Оба эти постановления были сигналом к громким проклятьям, обрушившимся на меня во всей Европе с беспримерным неистовством. Все газеты, все журналы, все брошюры самым оглушительным образом забили в набат. Особенно французы – этот мягкий, вежливый, великодушный народ, гордящийся благопристойностью и вниманием по отношению к несчастным, – вдруг, позабыв основные свои добродетели, отличились количеством и жестокостью оскорблений, которыми щедро осыпали меня. Как только меня не называли! Нечестивец, атеист, одержимый, бесноватый, хищный зверь, волк… По поводу приписываемой мне волчьей натуры новый издатель «Газеты Треву» опубликовал бред, ясно обнаруживавший его собственную сущность. Право, можно было подумать, что в Париже боятся познакомиться с полицией, опубликовав сочиненье на любую тему без приправы в виде какого-нибудь оскорбления по моему адресу. Тщетно стараясь открыть причину этой единодушной вражды ко мне, я готов был подумать, что все сошли с ума. Как? Редактор «Вечного мира» сеет раздор? Человек, выпустивший «Савойского викария», – нечестивец? Автор «Новой Элоизы» – волк? Автор «Эмиля» – бесноватый? О господи! Кем бы я стал, если б опубликовал книгу «Об уме» или другое подобное произведение? А между тем в буре, поднявшейся против автора этой книги, публика не только не присоединила своего голоса к голосу его преследователей, но своими похвалами отмстила им за него. Пусть же сравнят его книгу с моими, пусть сравнят столь различный прием и обращение с обоими авторами во многих европейских государствах и подыщут для этих различий причины, способные удовлетворить человека разумного: вот все, чего я требую, и умолкаю.

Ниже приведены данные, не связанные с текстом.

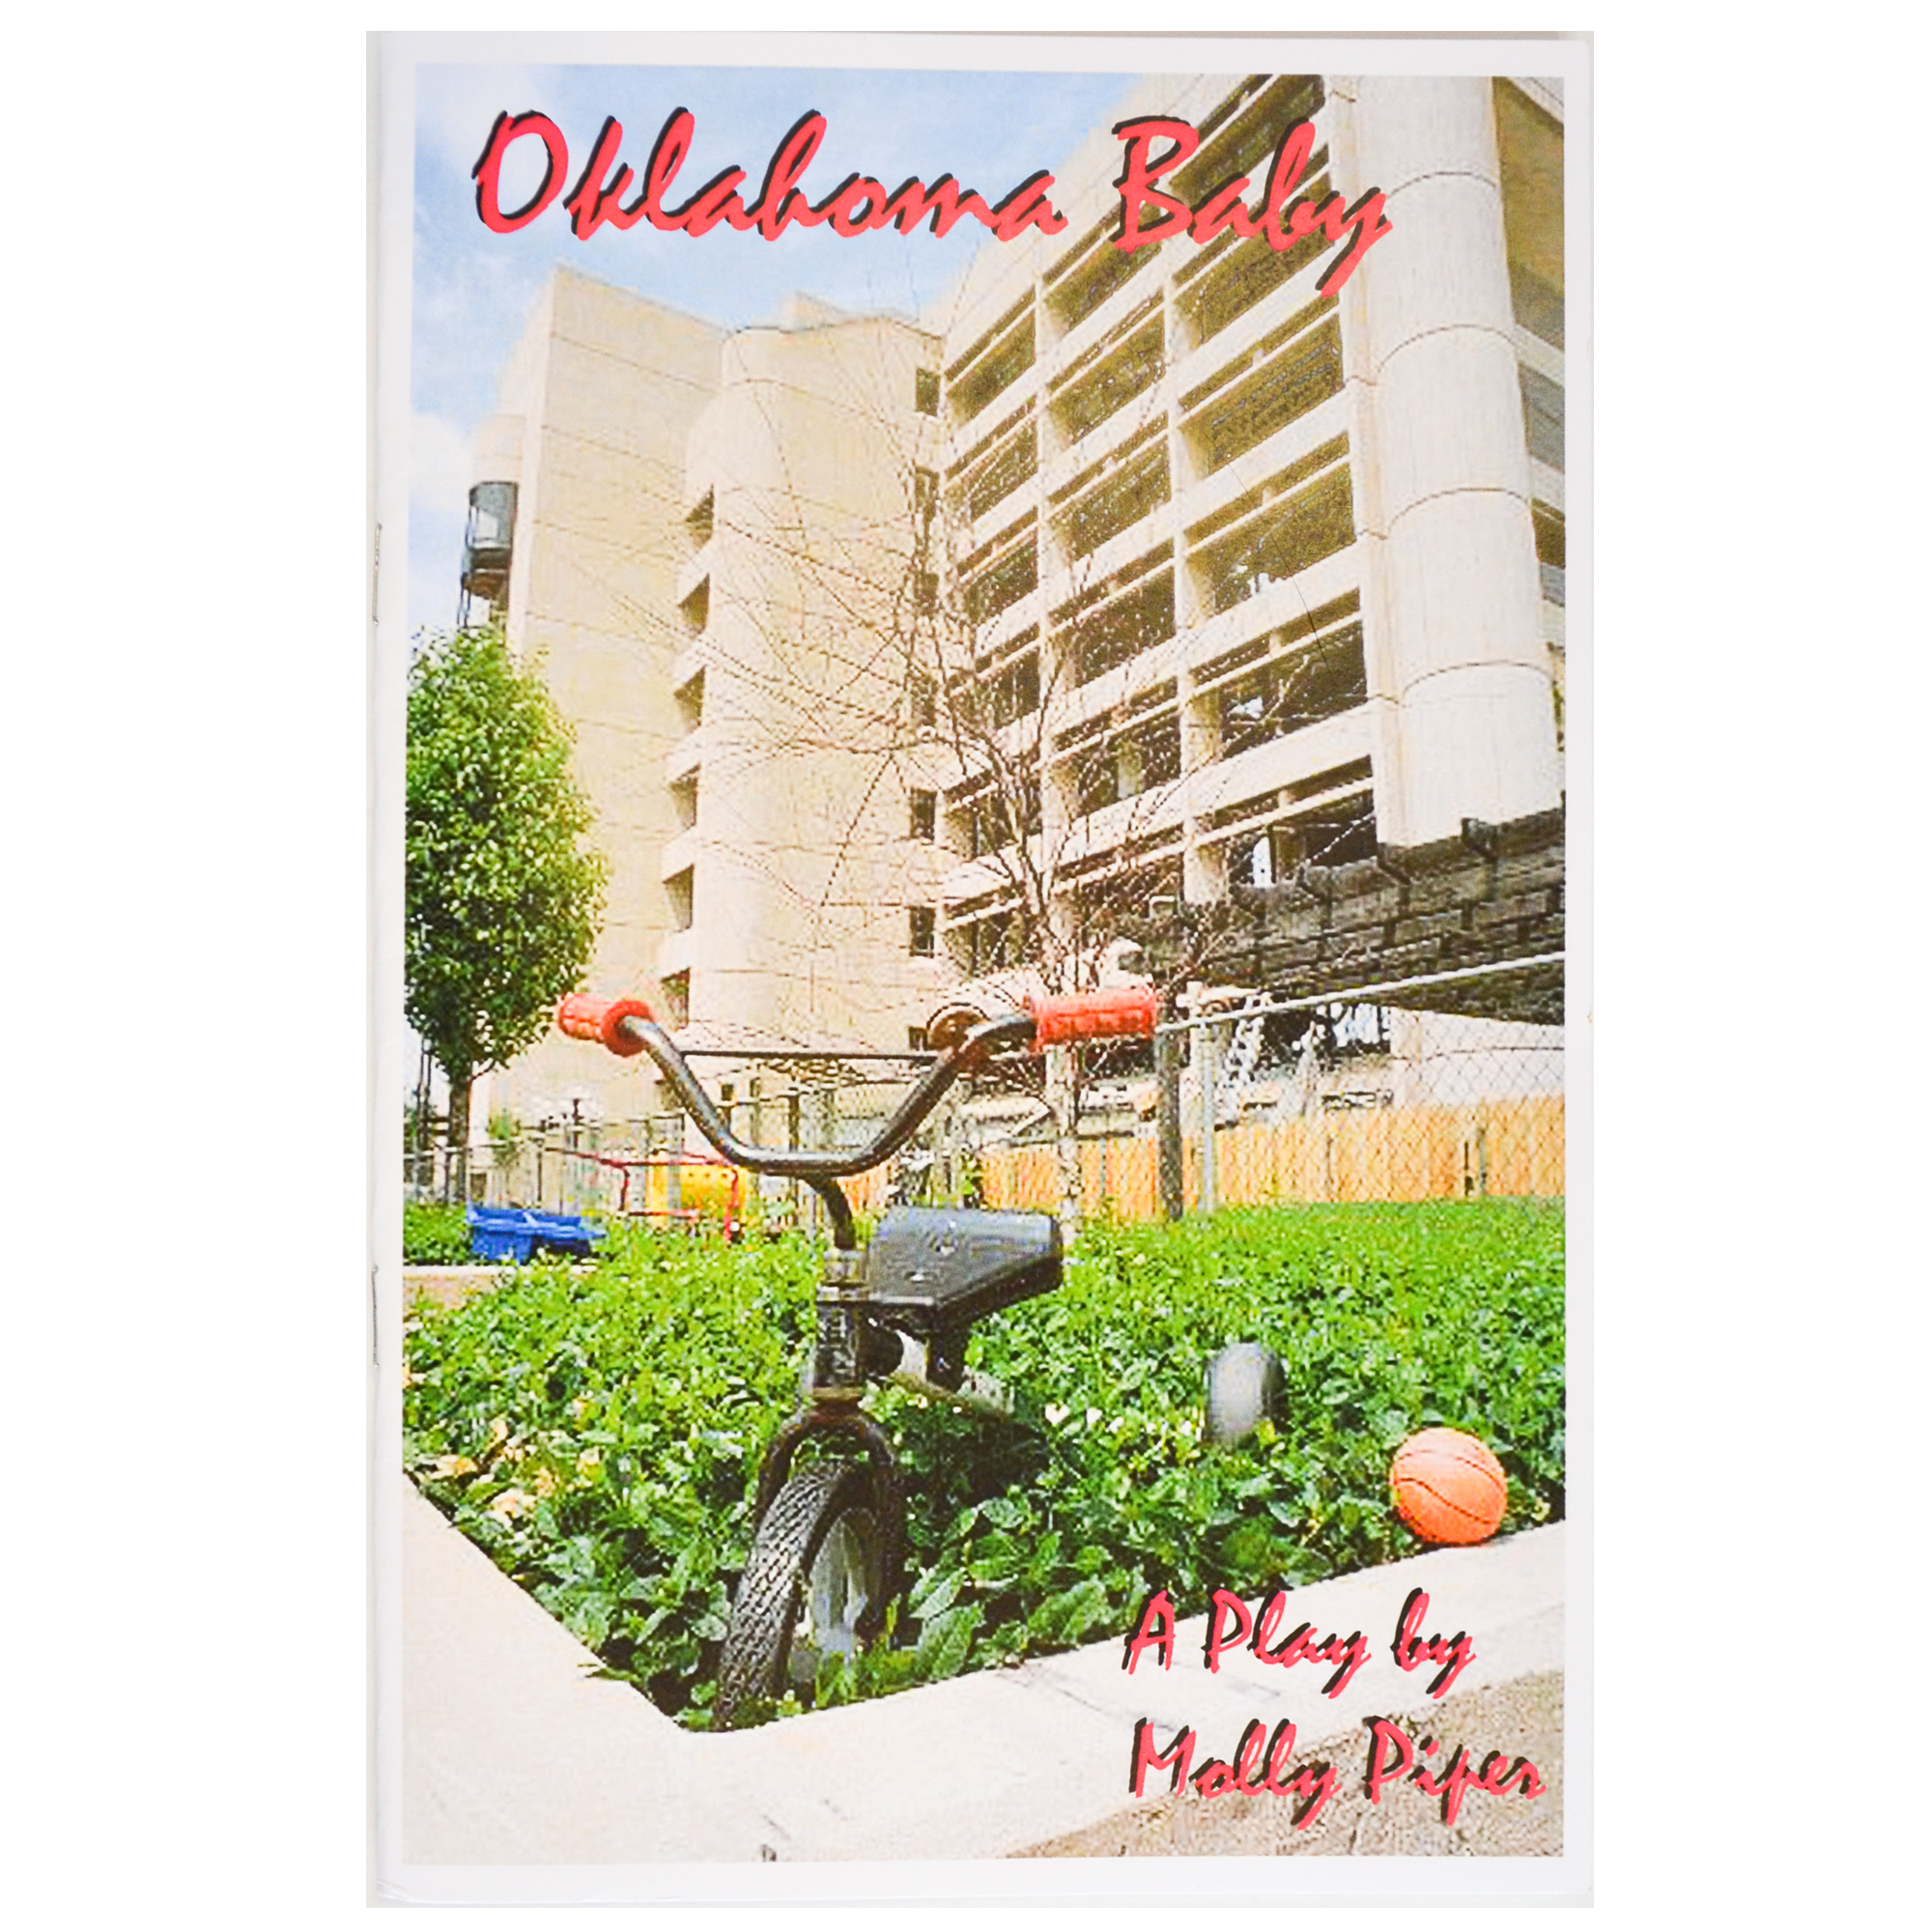 Oklahoma Baby by Molly Piper

Мне так понравилось в Ивердене, что я, по горячему настоянию Рогена и всей его семьи, принял решение там остаться. Г-н де Муари де Женжен, байи этого города, своим вниманием тоже побуждал меня остаться в управляемом им краю. Полковник так настаивал, чтобы я занял маленький флигель, находившийся у него в усадьбе между двором и садом, что я согласился, и он тотчас же принялся меблировать его и обставлять всем необходимым для моего маленького хозяйства. Сам Роген хлопотал больше всех и не отходил от меня с утра до ночи ни на минуту. Я был всегда чувствителен к его ласке и вниманию, но иногда он мне сильно надоедал. Уже был назначен день моего переселения во флигель, и я написал Терезе, чтобы она ехала ко мне, как вдруг я узнал, что в Берне против меня собирается гроза, которую приписывали ханжам и первопричину которой я так и не мог понять. Сенат, неизвестно кем подстрекаемый, как будто решил не давать мне покоя в моем убежище. При первом же известии об этом волнении байи написал в мою защиту нескольким членам правительства, коря их за слепую нетерпимость и стыдя за намерение отказать в приюте преследуемому, но достойному человеку, тогда как столько преступников находят убежище в их стране. Некоторые благоразумные люди полагали, что горячность его упреков скорее ожесточила, чем смягчила умы. Как бы ни было, ни вес, ни красноречие моего защитника не могли отразить удара. Предупрежденный о приказе, который ему придется мне объявить, он заранее сообщил мне о нем, и, чтобы не ждать этого приказа, я решил уехать на другой же день. Затруднение было лишь в том, куда ехать; Женева и Франция были для меня закрыты, и легко было предвидеть, что в этом деле каждая страна поспешит последовать примеру своей соседки.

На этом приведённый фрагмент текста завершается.